Hello,
I am using DESeq2 library following the manual 3.2 Starting from count matrices. I have my countdata and coldata imported from CSV files. I understand that countdata file can be a problem here but I don't understand what's the problem exactly.
My code:
library(DESeq2)
NGS <- read.csv2(paste0(datadir,"/CLN3_NGS_orig.csv"), header = T,stringsAsFactors = F)
Sinfo <- read.csv2(paste0(datadir,"/Sampleinfo.csv"), header = T,stringsAsFactors = F)
head(NGS)
head(Sinfo)
coldata <- DataFrame(Sinfo)
coldata <- lapply(coldata, as.factor)
coldata
lapply(NGSnum, class)
NGSnum <- data.frame(NGS[1], apply(NGS[2:13],2, as.numeric))
NGSFull <- DESeqDataSetFromMatrix(
countData = NGSnum,
colData = coldata,
design = ~ Genotype + Treatment)
NGSFull
NGS$Genotype <- relevel(NGSFull$Genotype, "WT")
deseqNGS <- DESeq(NGS)
res <- results(deseqNGS)
res
My error after appyling DESeqDataSetFromMatrix:
Error in `rownames<-`(`*tmp*`, value = colnames(countData)) : attempt to set 'rownames' on an object with no dimensions
My coldata and countdata files on pastebin: countdata & coldata
By the way, my countdata contain transcripts, sometimes several transcripts (ENST) correspond to single gene (ENSG). Can DESeq2 sort it out for me and give me only output with genes? It is easy to convert transcripts to genes but harder to make one position out of several.
Thank you in advance, Kasia
You should aggregate transcript counts to the gene level first, e.g. using the
tximport
package. Otherwise DESeq2 does not know which transcript belongs to each gene, it just sees counts and will treat them as one gene per row.
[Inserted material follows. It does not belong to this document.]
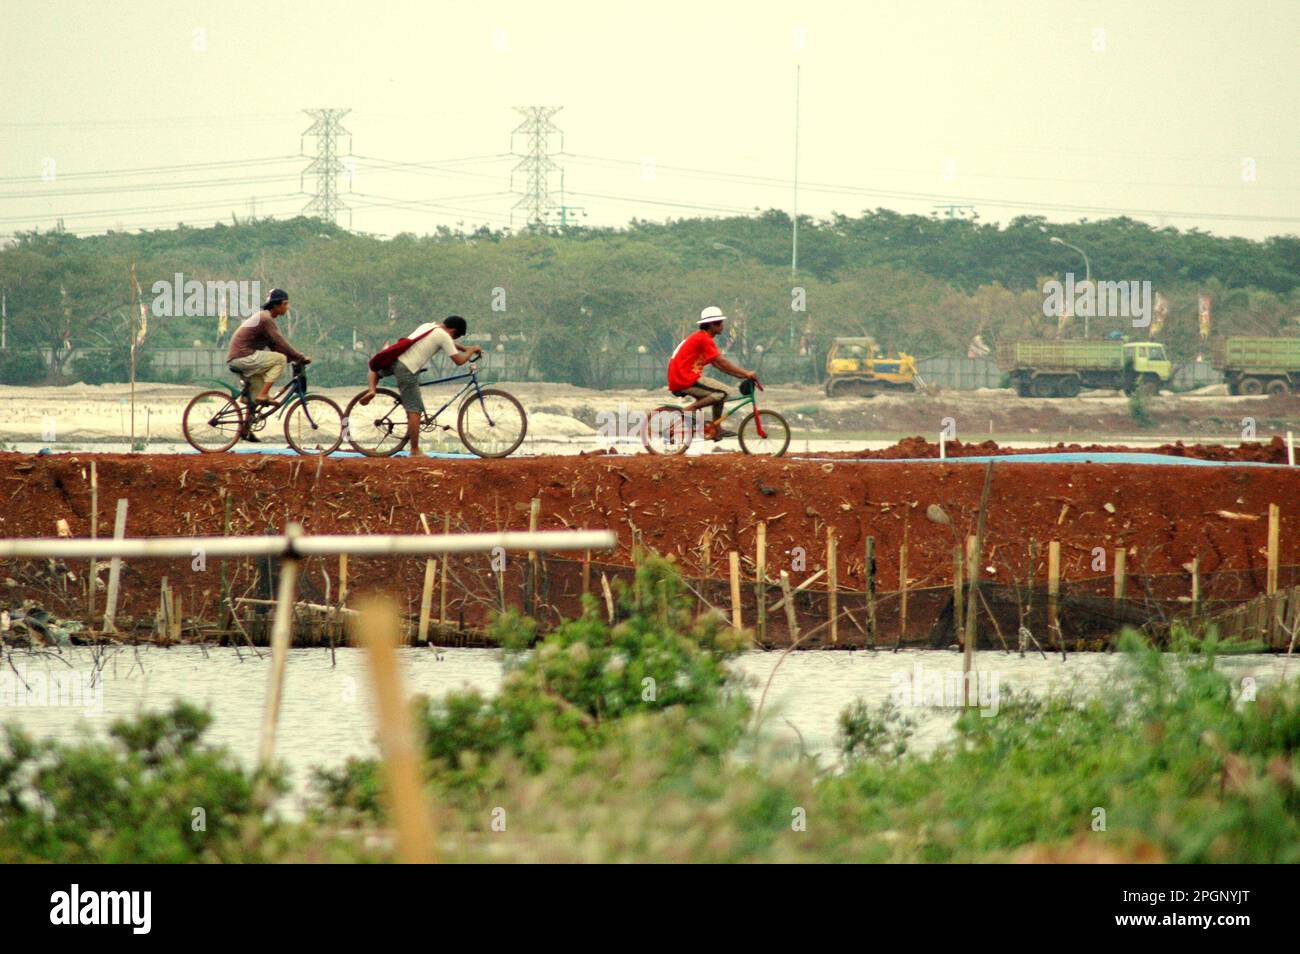 Les cyclistes traversent une digue dans une zone côtière touchée par le développement urbain de Jakarta, en Indonésie. Banque D'Images

Please make sure you provide the necessary example data in the post as you cannot expect users to download things first from a cloud. This could be any kind of malware. dput is useful to provide example data suitable for copy/pasting.Thank you, I will try tximport first. I edited the post so now it contains pastebin links. Is it ok for you?